== Activity ==
Here the job is to retype the data word for word while leaving the pictures aside.

== Provided material ==
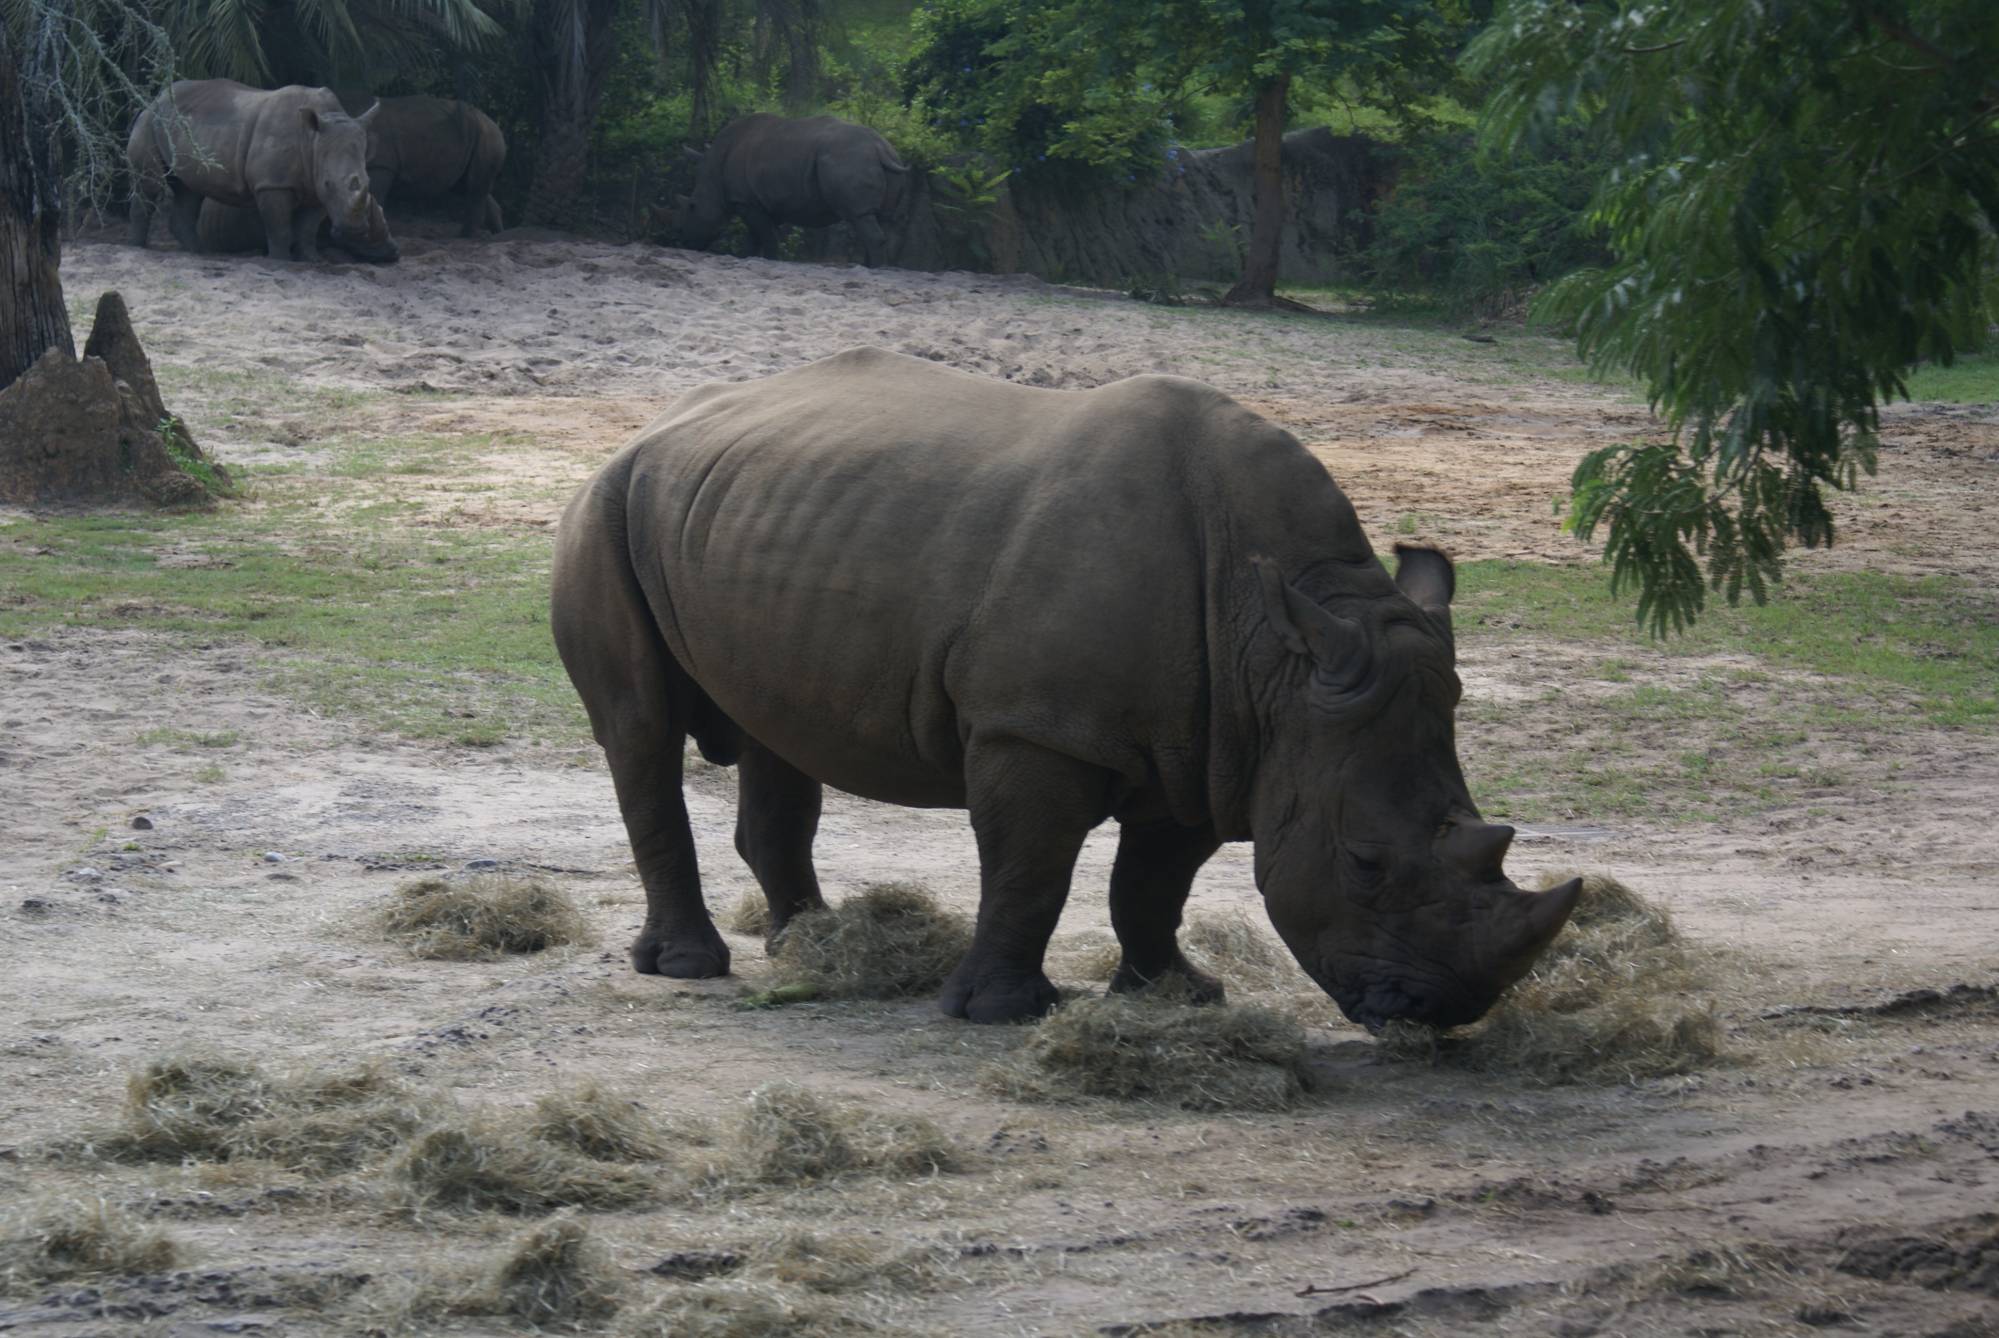 Rhinos are big
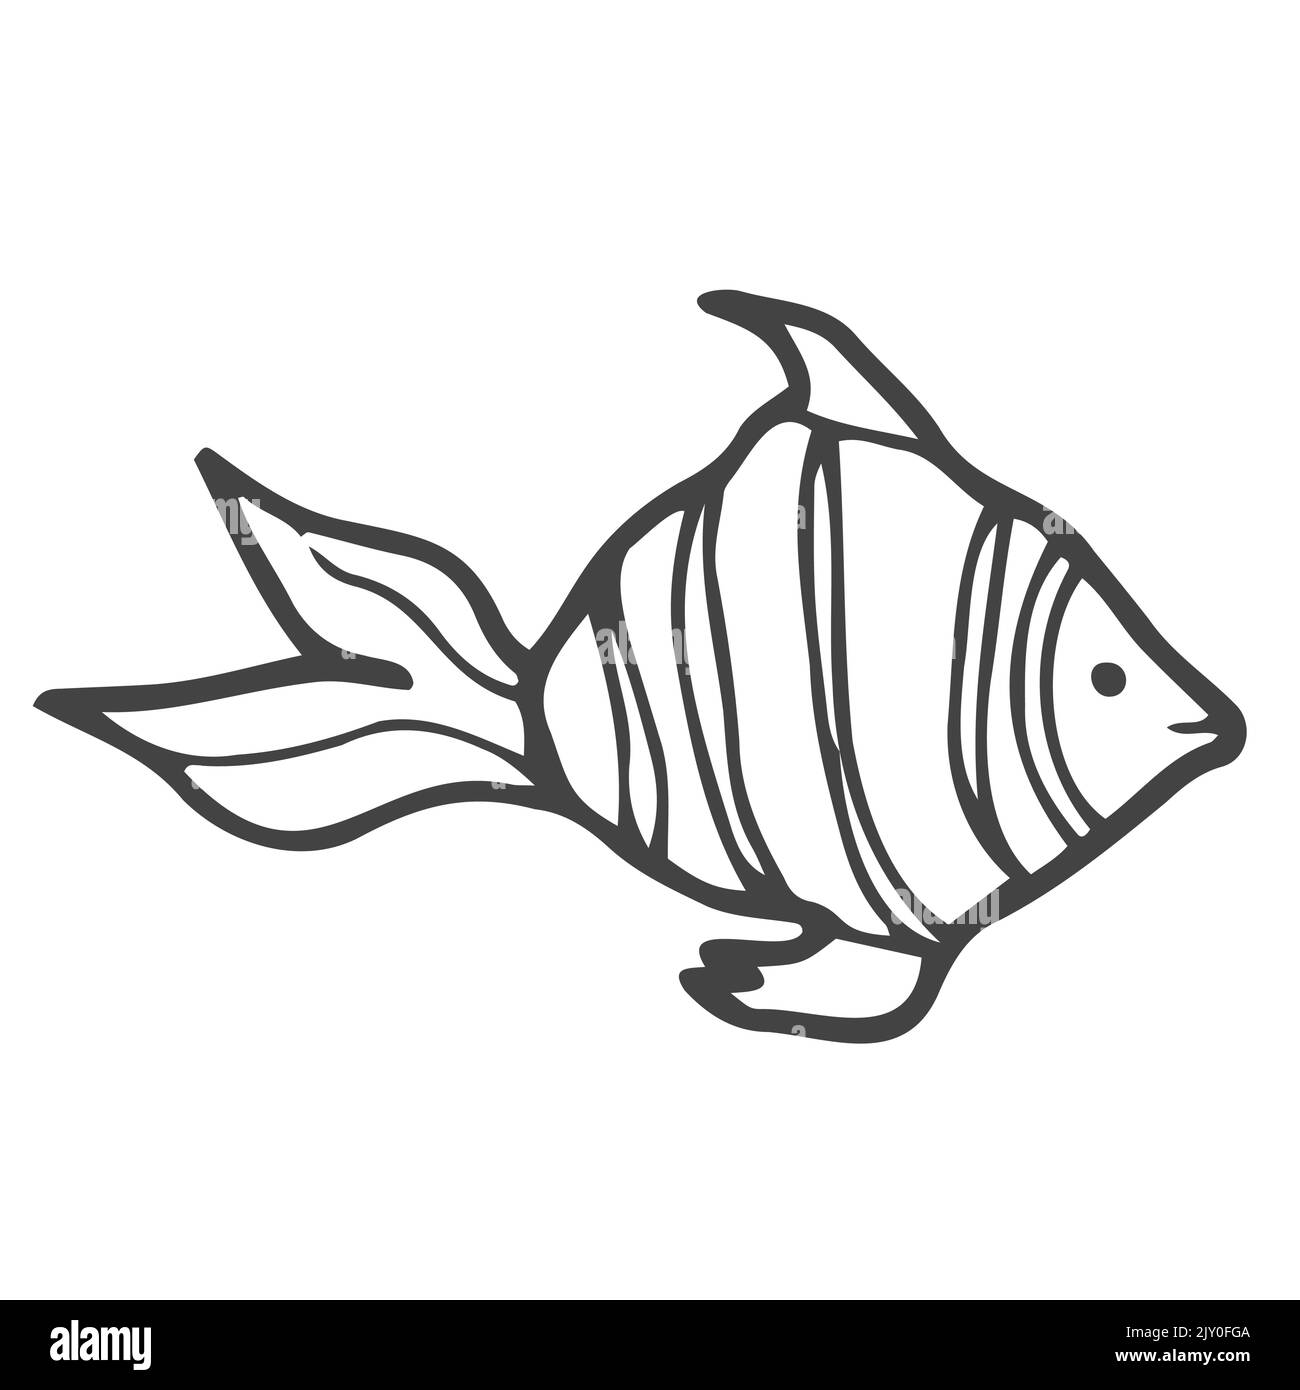 Joli dessin vectoriel de poissons. Illustration décorative de poissons exotiques. Illustration de Vecteur
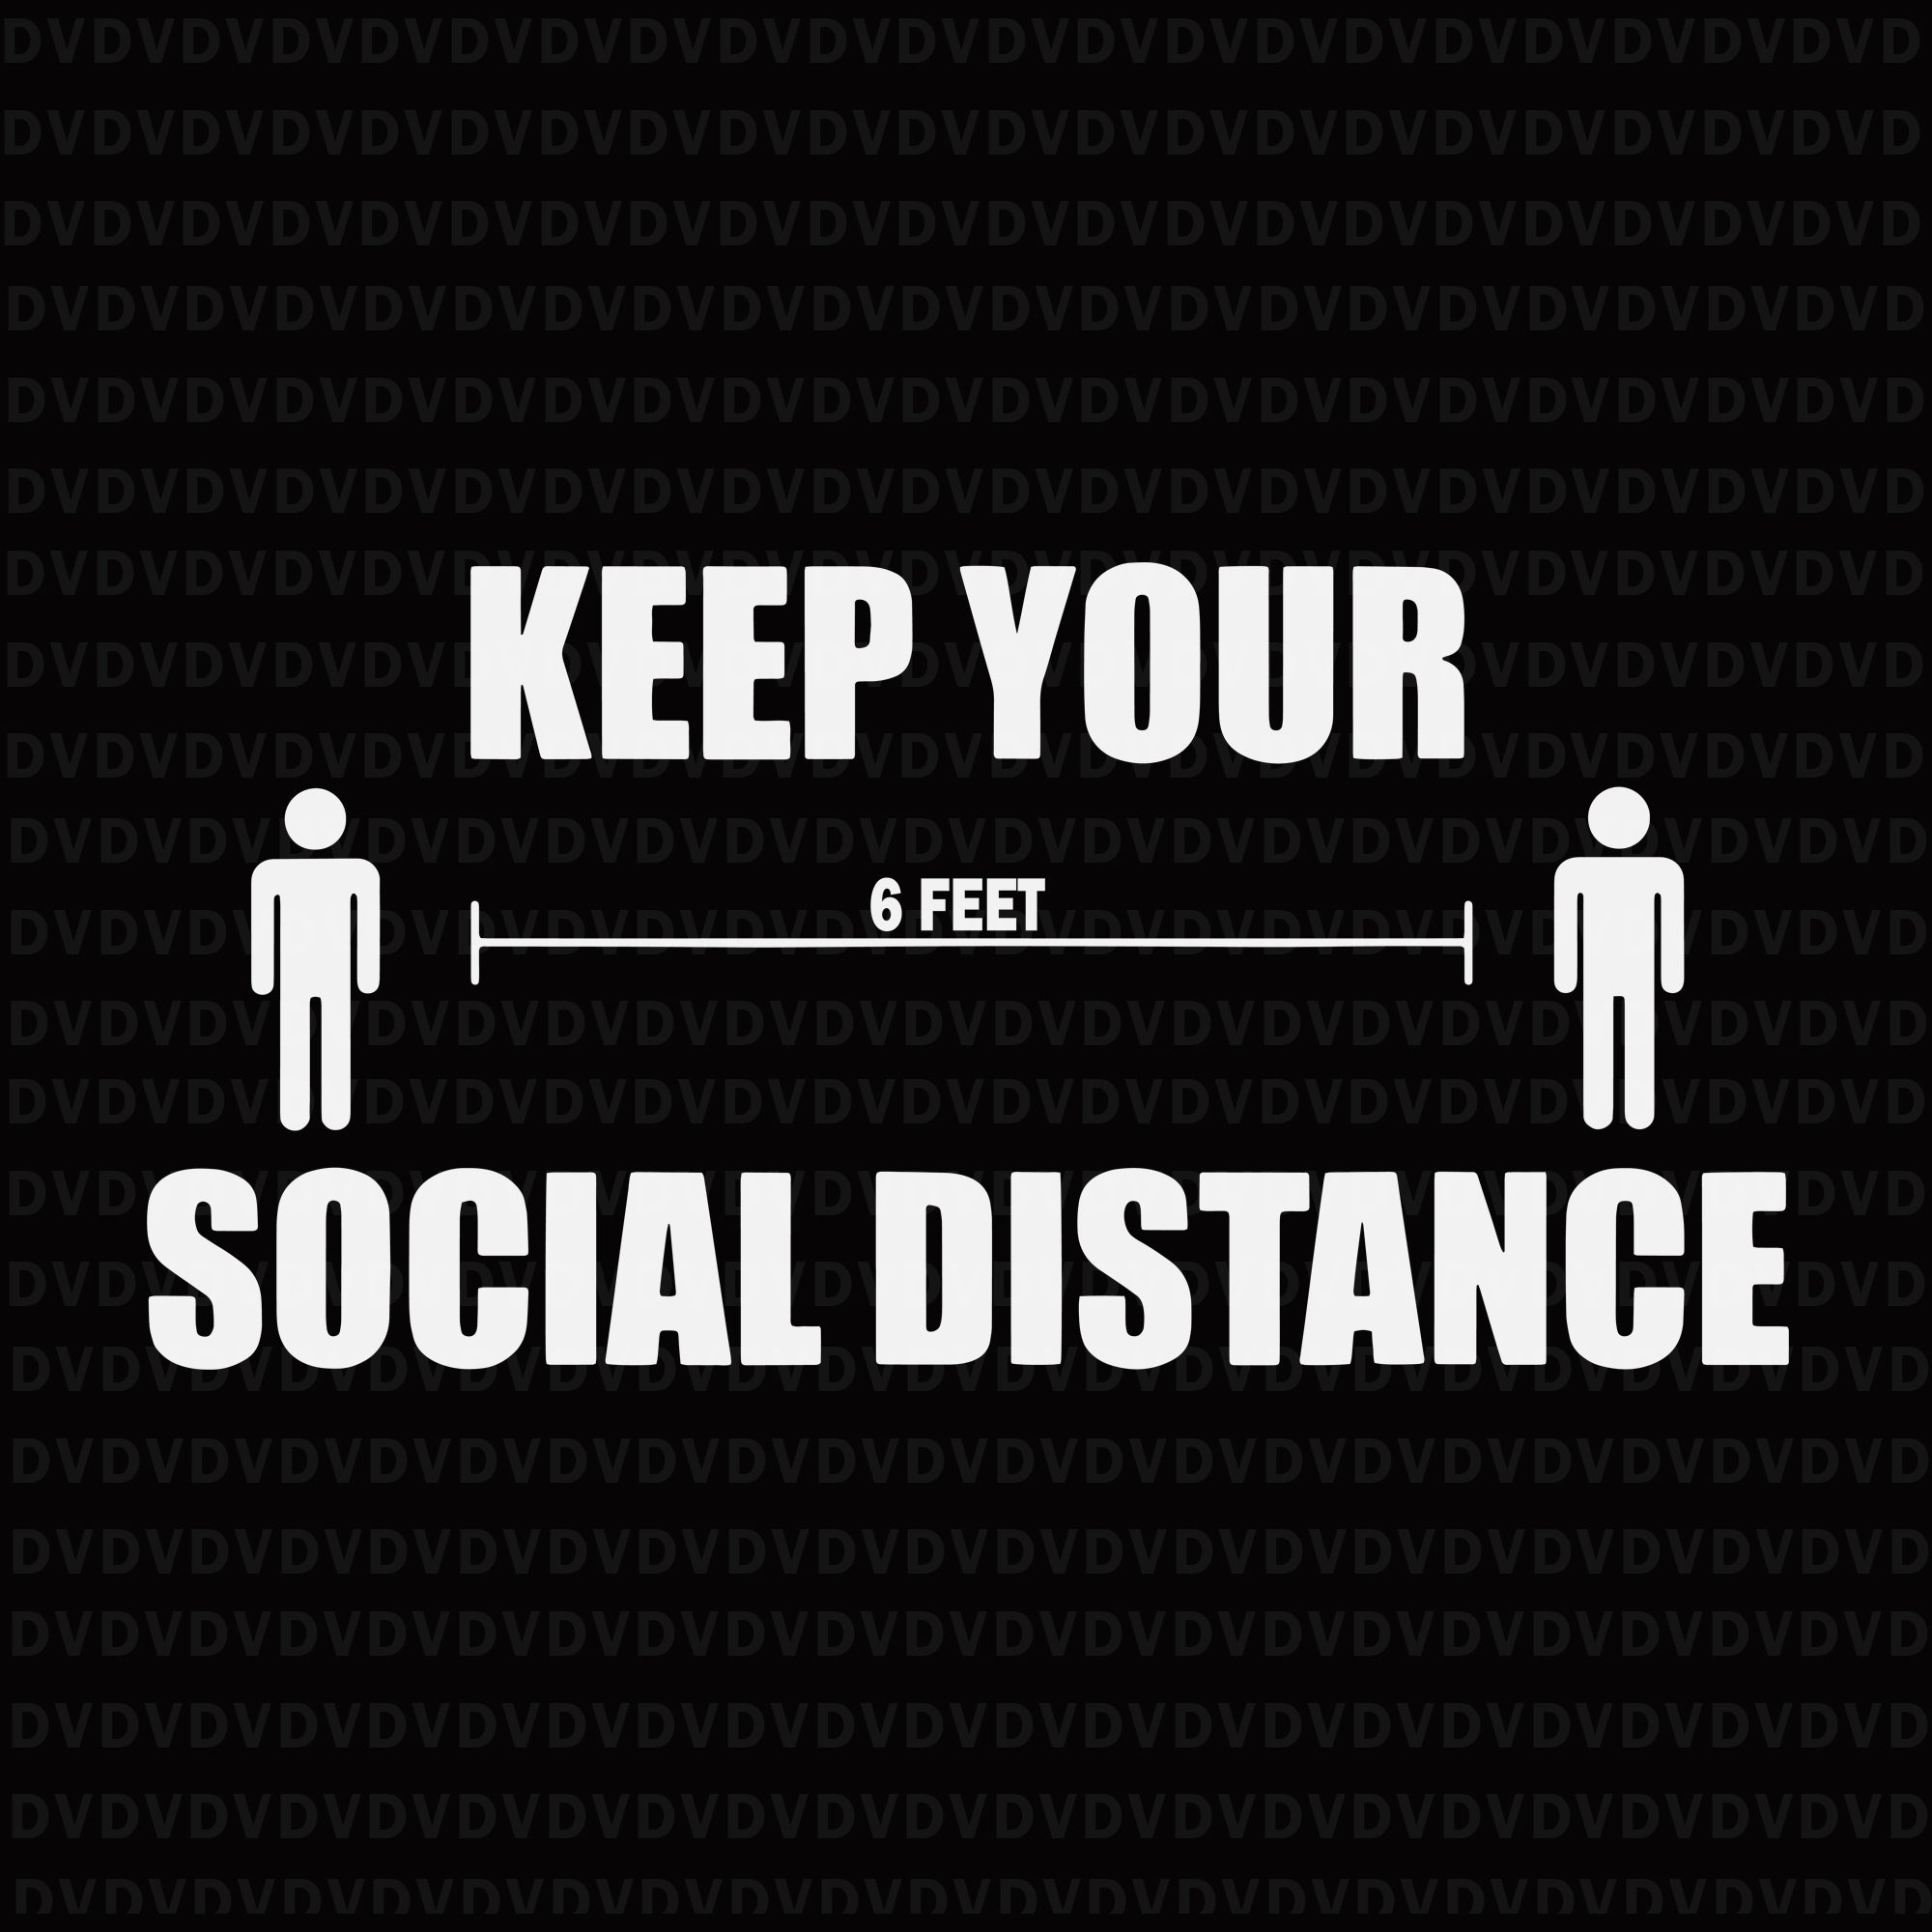 Keep Your 6 Feet Social Distance Svg Keep Your 6 Feet Social Distance Buydesigntshirt

== Reply to the exercise ==
 Rhinos are big
 Joli dessin vectoriel de poissons. Illustration décorative de poissons exotiques. Illustration de Vecteur
 Keep Your 6 Feet Social Distance Svg Keep Your 6 Feet Social Distance Buydesigntshirt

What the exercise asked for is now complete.